U.S. Secretary of State Condoleezza Rice described the 30 January elections as a turning point for the U.S. presence in Iraq. Speaking ahead of a weeklong visit to Europe and the Middle East, Rice said the ballot has created a new opportunity for the international community to rally around the Iraqi people.
But Rice rejected the suggestions by congressional critics of the war that planning should start now for the withdrawal of more than 150,000 U.S. troops currently in Iraq.
She says it is still too early, in her words, "to talk in terms of exit strategies." For now, Rice says the goal is to advise and train Iraqi military units so they eventually can take charge of their own security.
"They are, of course, still young in their development -- the Iraqi security forces. But by all reports, they are doing very well. And they are supporting their own democratic process," Rice said. "We have to get to a point where this is Iraq's fight for Iraq -- the fight of Iraqis for their own freedom."
Experts tend to agree. Toby Dodge, a specialist on Iraq at the London-based International Institute for Strategic Studies, told RFE/RL today that multinational forces will be needed in Iraq for at least another five years -- despite the fact that the very presence of U.S. troops may make it easier for insurgents to recruit more fighters.
"It's a very difficult situation, because without foreign troops, the country would descend even quicker into greater chaos and violence," Dodge said. "So although foreign troops are resented by the vast majority of the population, I think pulling them out simply isn't a logical solution for the next five or six years. So I think foreign troops are a necessity, even though they are part of the problem."
Analyst Marvin Kalb, a senior fellow at Harvard University's Shorenstein Center on Press, Politics and Public Policy, doesn't believe that U.S. President George W. Bush can say that, as a result of Sunday's vote, the United States is going to be able to leave in a year or two, or even three or four.

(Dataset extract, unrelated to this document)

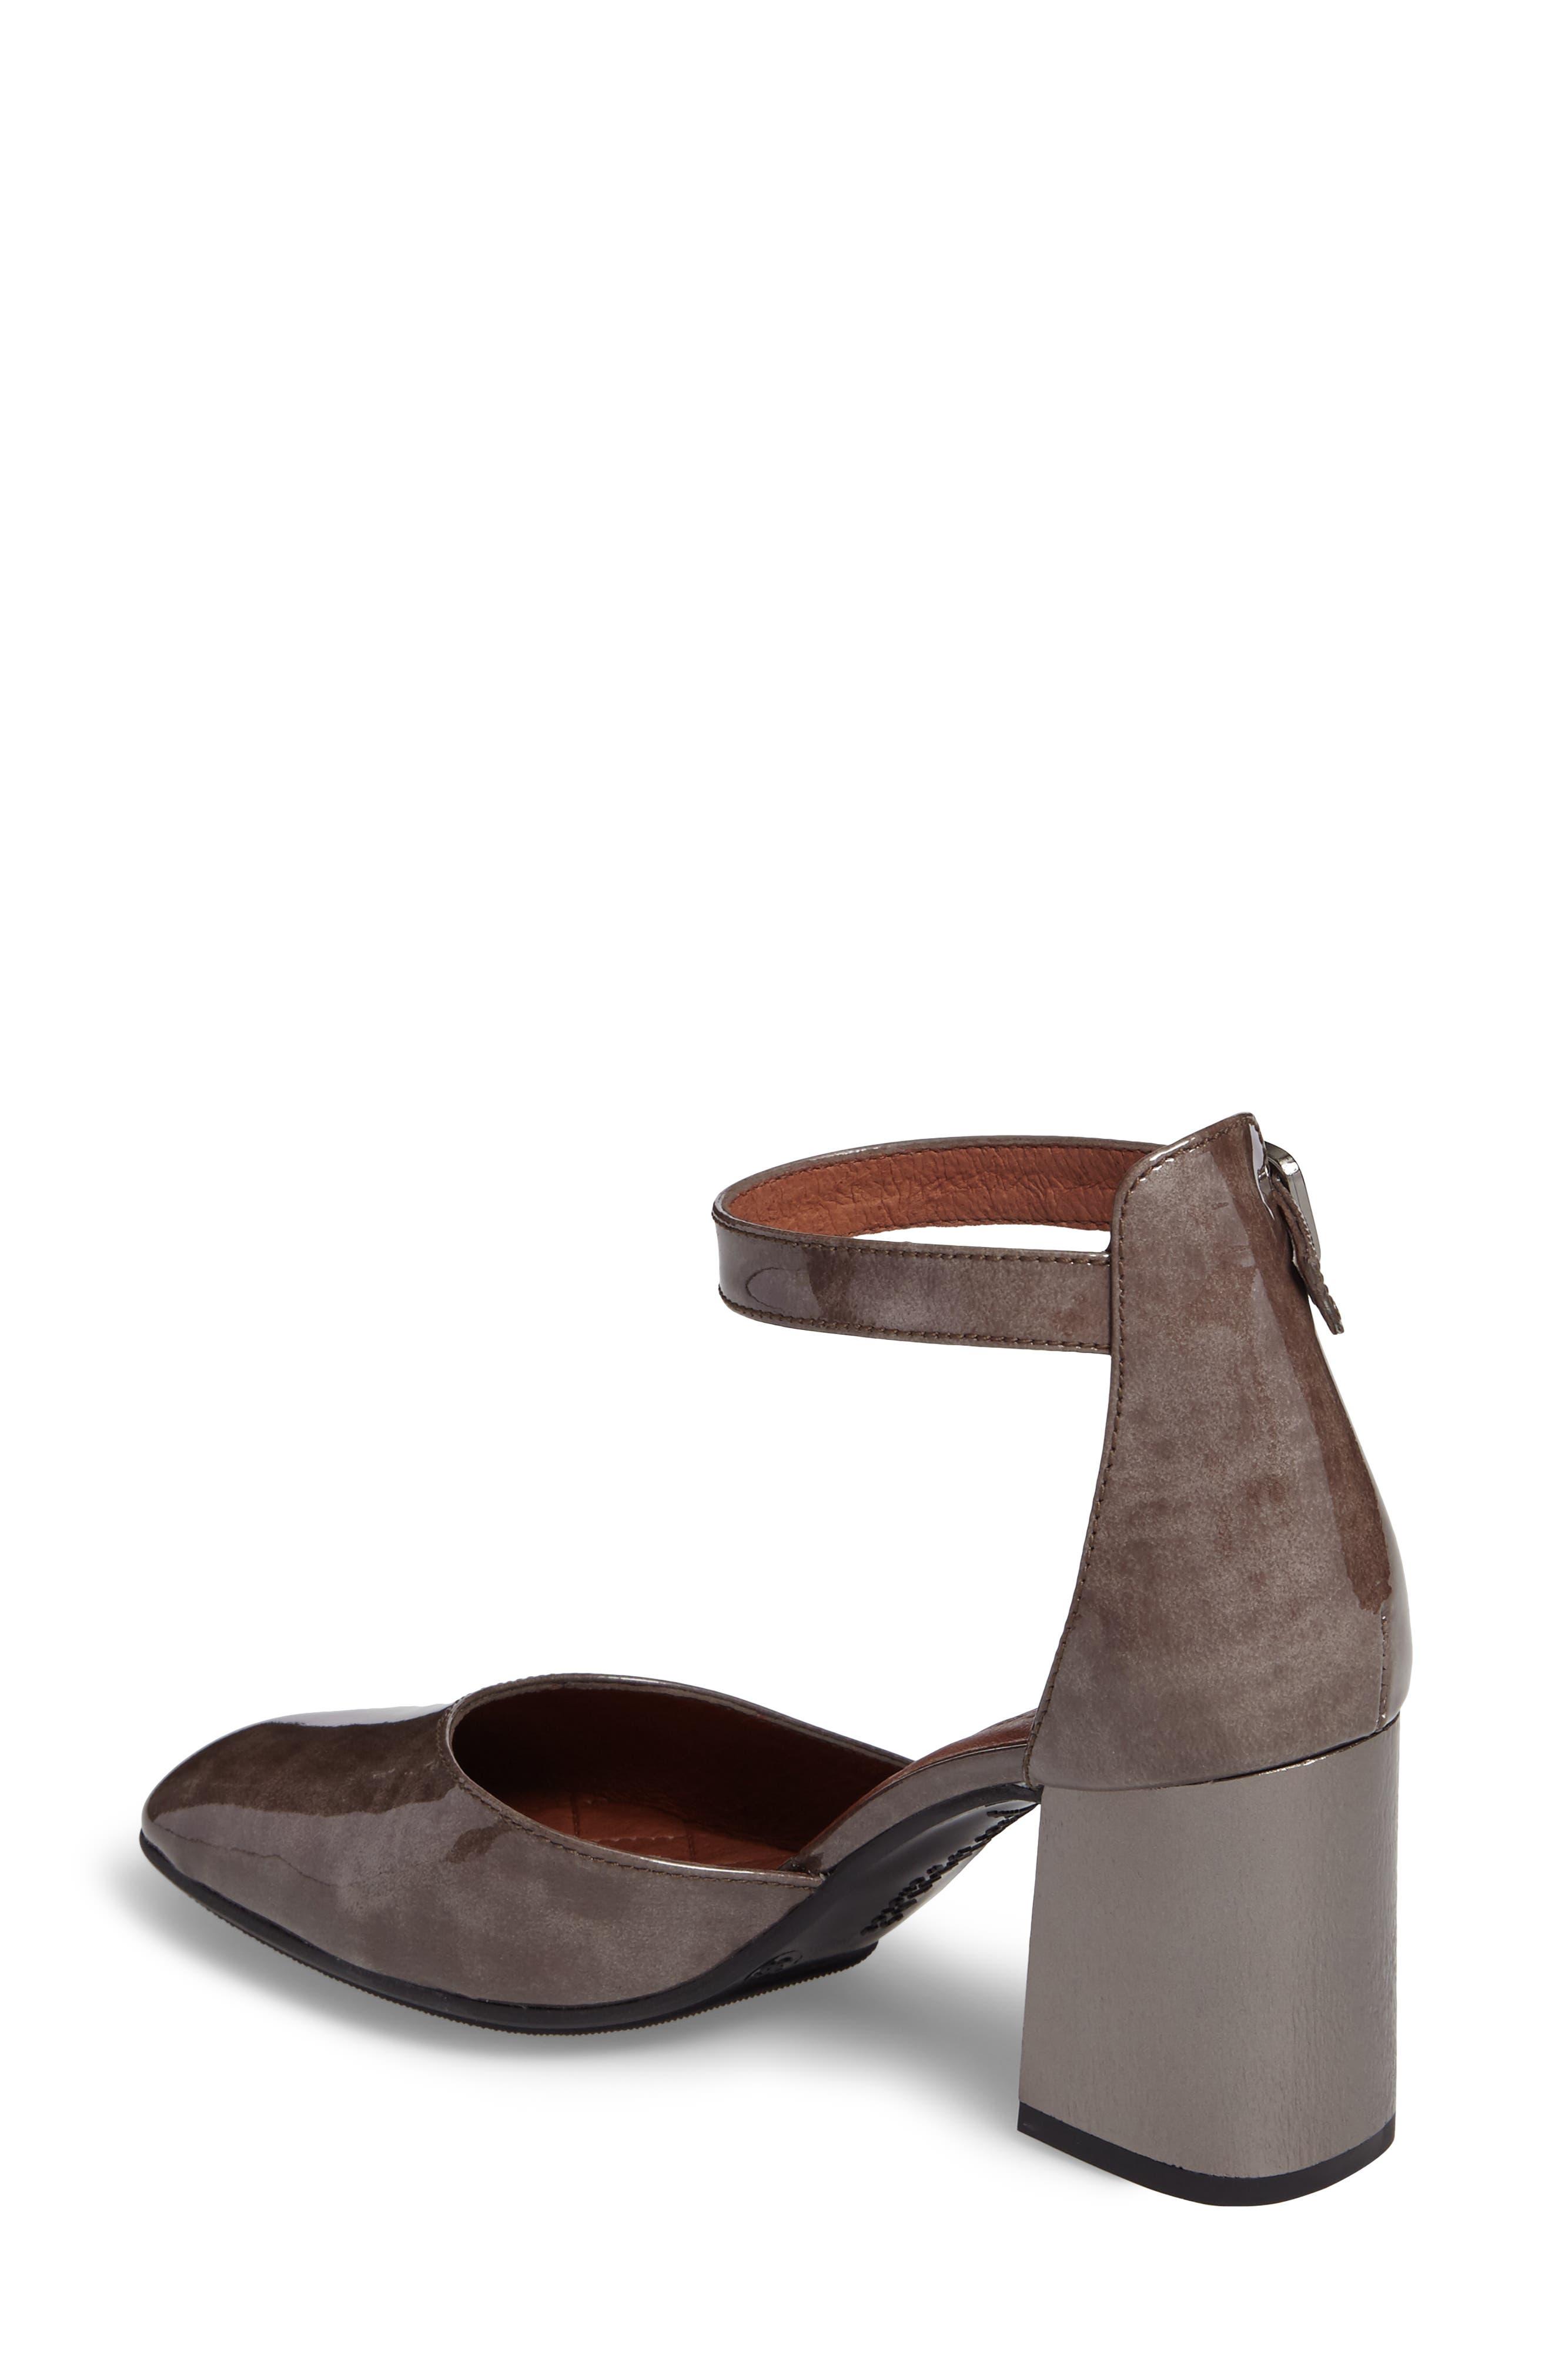 Paulette Flared Heel Pump,                             Alternate thumbnail 2, color,                             Vision Leather

"But he is going to be able to say, 'The vote on Sunday proves that my policy is the right policy. And we're on the right course. And we've got to continue on this course.'" Kalb said. "And between the lines [Bush's message] will be: 'Any of you out there who disagree with me -- you're wrong, and I'm right.'"
Dodge says analysts should be careful not to make overreaching assumptions about the impact of the 30 January vote based on the incomplete and anecdotal turnout estimates that have been provided so far by Iraqi electoral officials. In particular, he offers a caveat about the situation in Sunni-dominated cities where turnout appears to have been small.
"You've clearly had very large turnout in the south and north of the country, which could, if used correctly, deliver a moral mandate to the government," Dodge said. "But the new Iraqi government has to realize that it cannot beat the insurgency militarily and has to reach out from this new moral position that they have to negotiate -- to bring that section of the community that is alienated, and decided not to vote, into the political makeup of the new government."
Speaking about an ongoing security vacuum in the so-called Sunni Triangle of northwestern Iraq, Dodge says the situation is likely to remain volatile for the immediate future.
"You have a vocal and strategically important section of the population who are deeply alienated from the process and who are in an area that no one controls," he said. "The [Iraqi] state doesn't control the northwest. The state doesn't control Baghdad. U.S. forces don't control the northwest or Baghdad. And the insurgency isn't strong enough or coherent enough to control it either. So you have a glaring security vacuum."
"The New York Times" reports today that U.S. military commanders plan to reassign thousands of U.S. troops in Iraq to advise and train Iraqi military forces. That move is being described as a short-term gamble -- easing up on offensives against insurgents in order to advance on the long-term goal of putting Iraqis in charge of their own security.